> **Work to complete**
Take from the entries below the stretch from the line with "Pumpkins come in" through the line with "Call of Duty", and return it exactly, leaving the pictures out.

> **Given data**
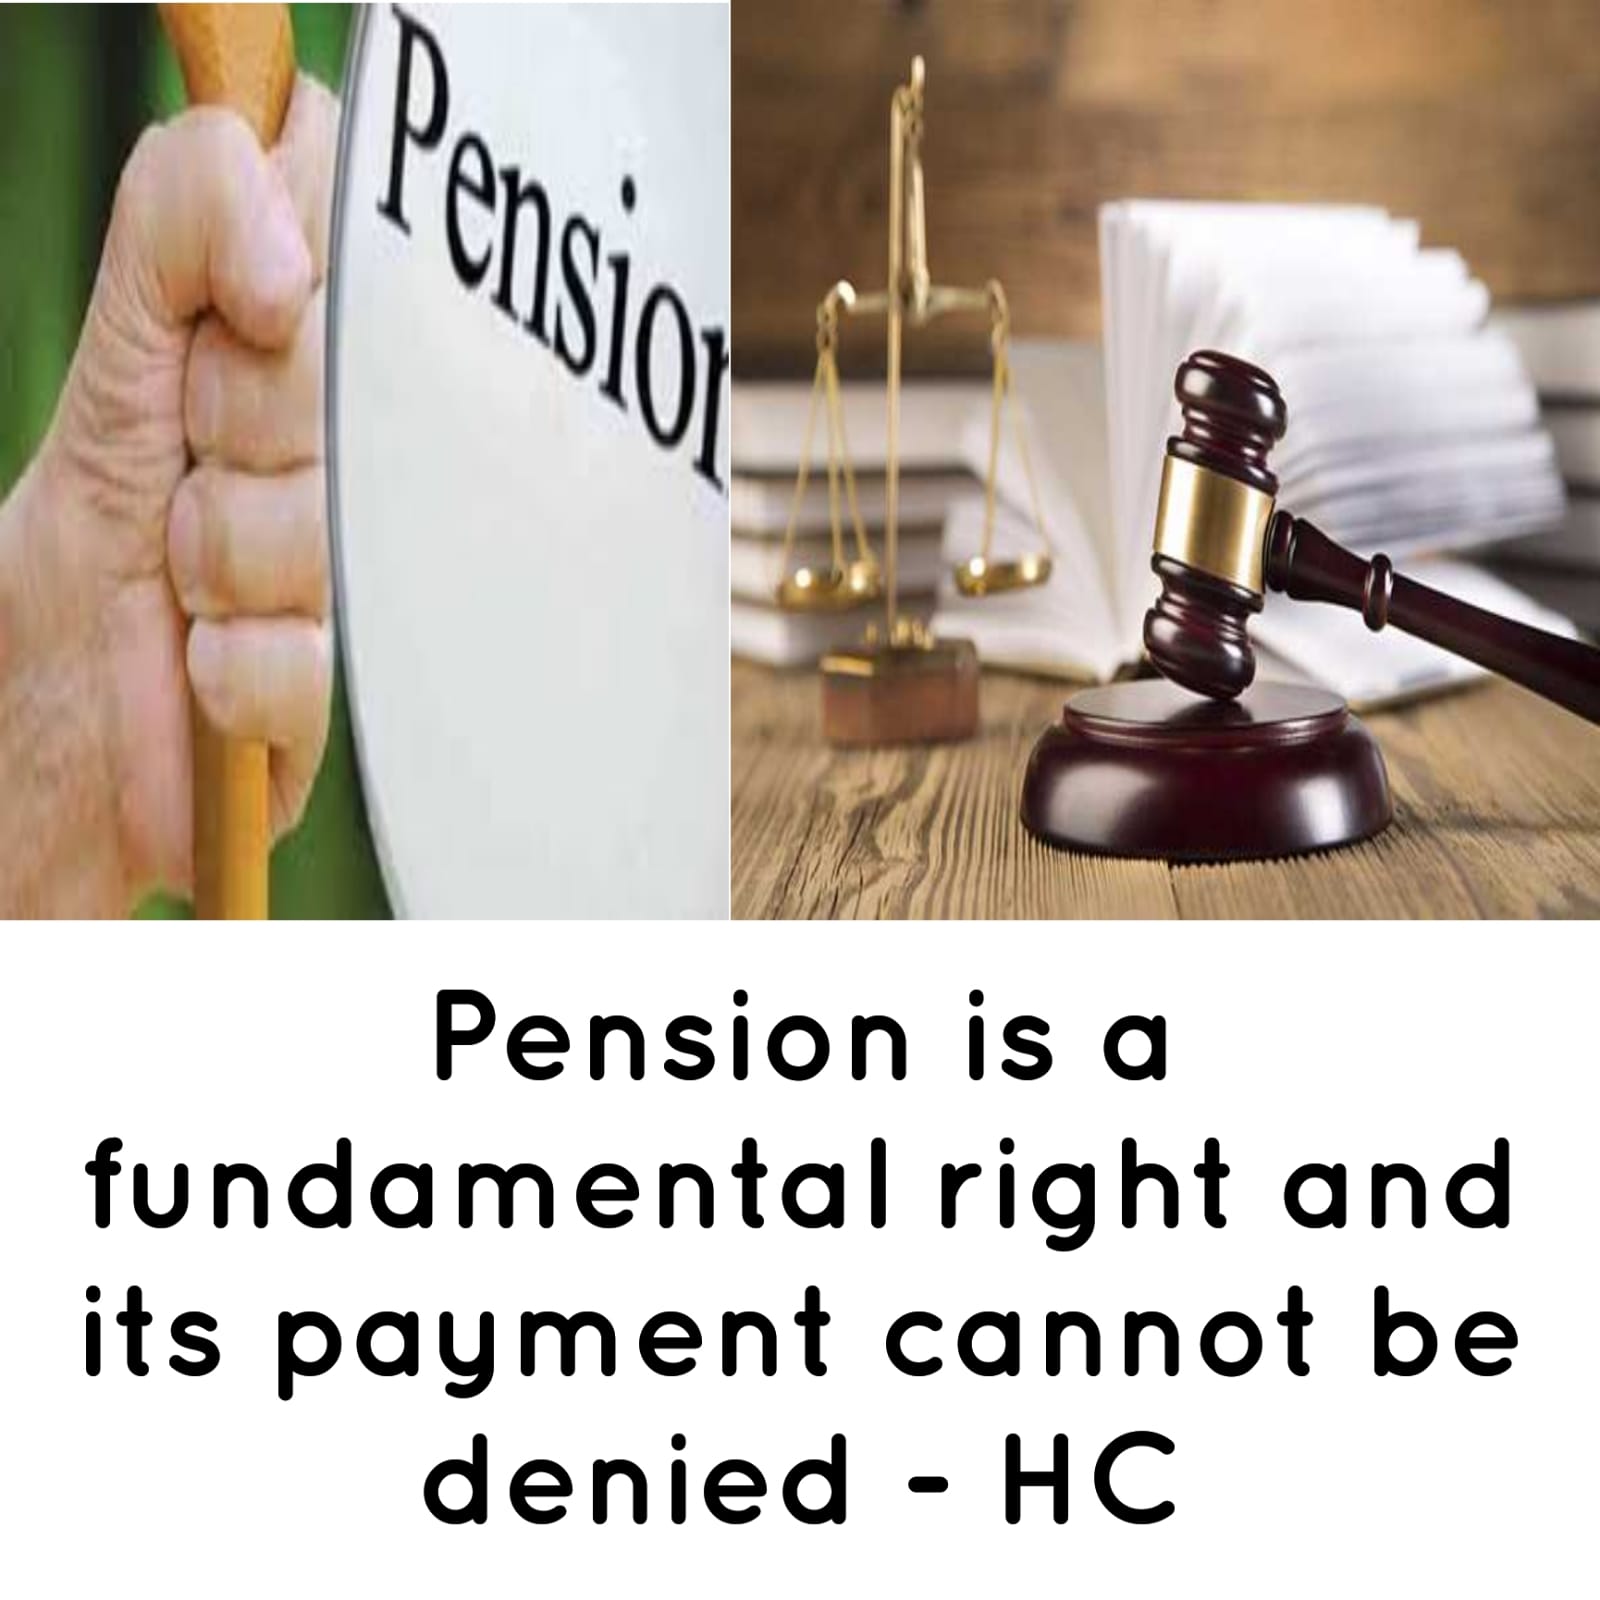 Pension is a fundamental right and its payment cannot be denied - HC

--

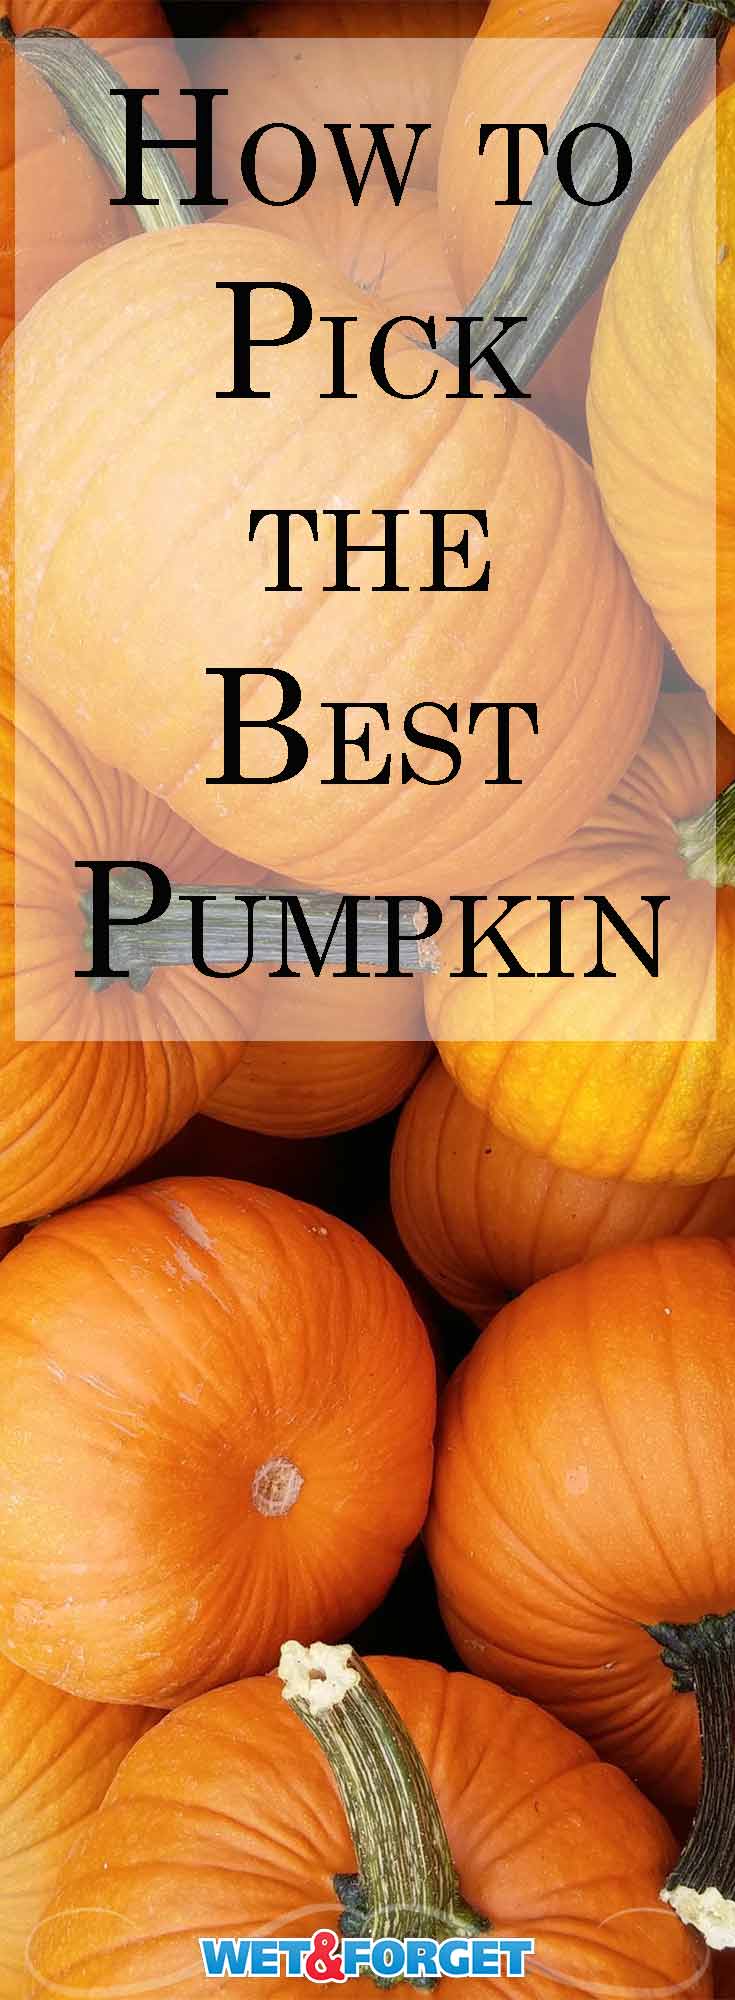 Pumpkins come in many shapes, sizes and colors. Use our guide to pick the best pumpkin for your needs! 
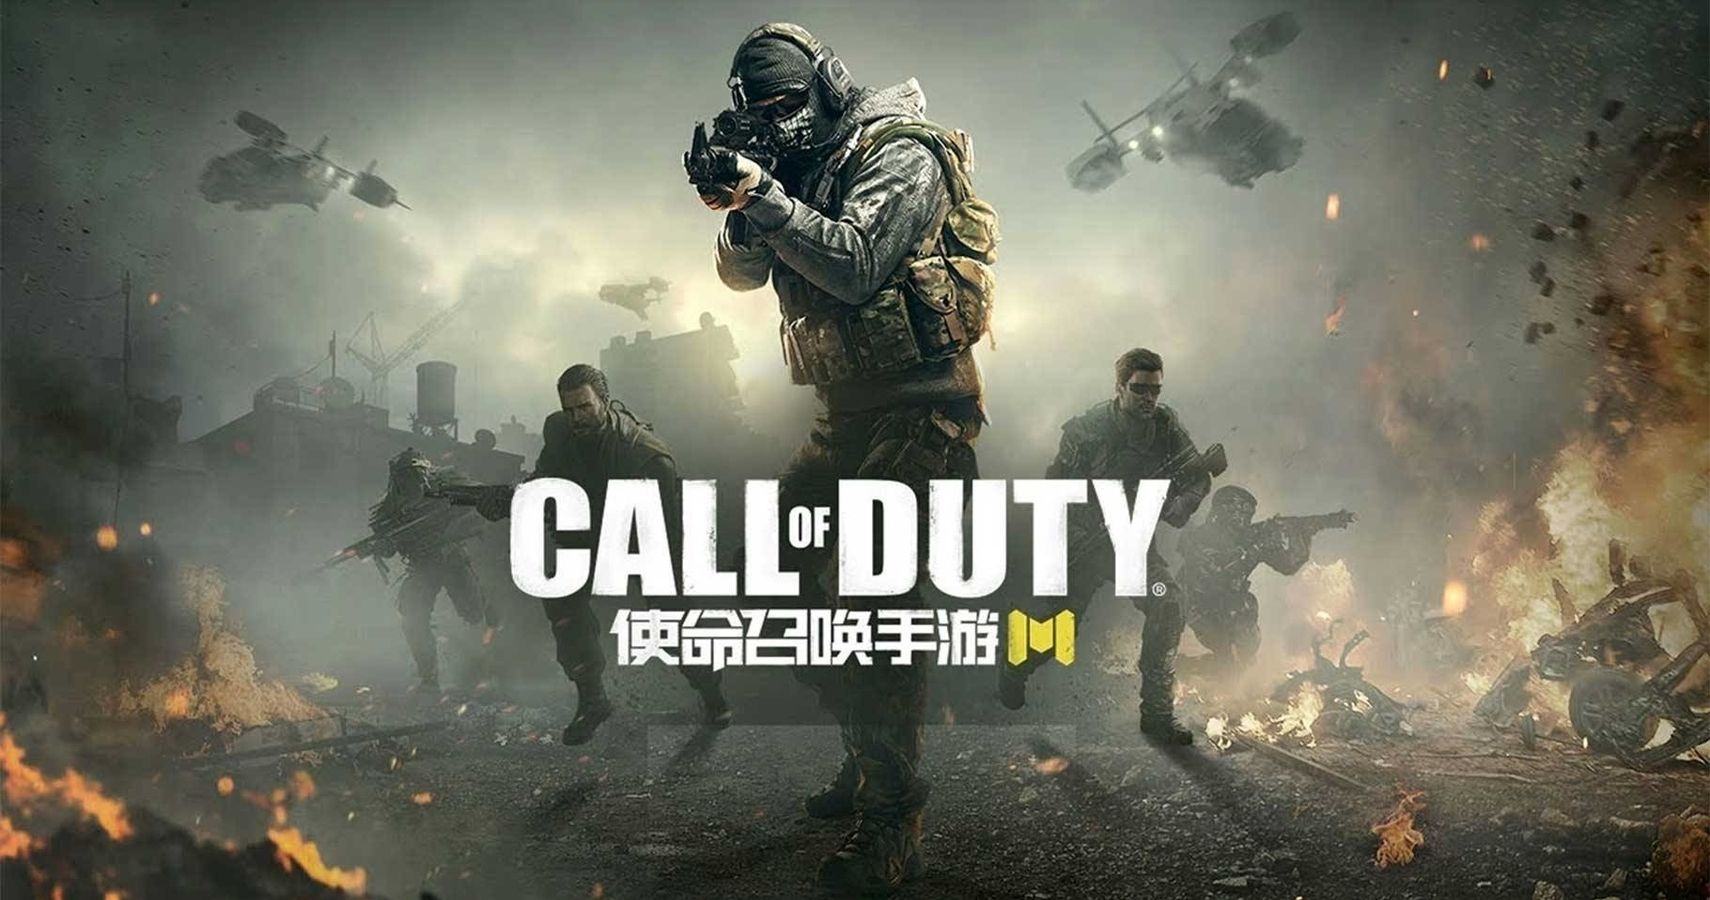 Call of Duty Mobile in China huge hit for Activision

> **Response box**
 Pumpkins come in many shapes, sizes and colors. Use our guide to pick the best pumpkin for your needs! 
 Call of Duty Mobile in China huge hit for Activision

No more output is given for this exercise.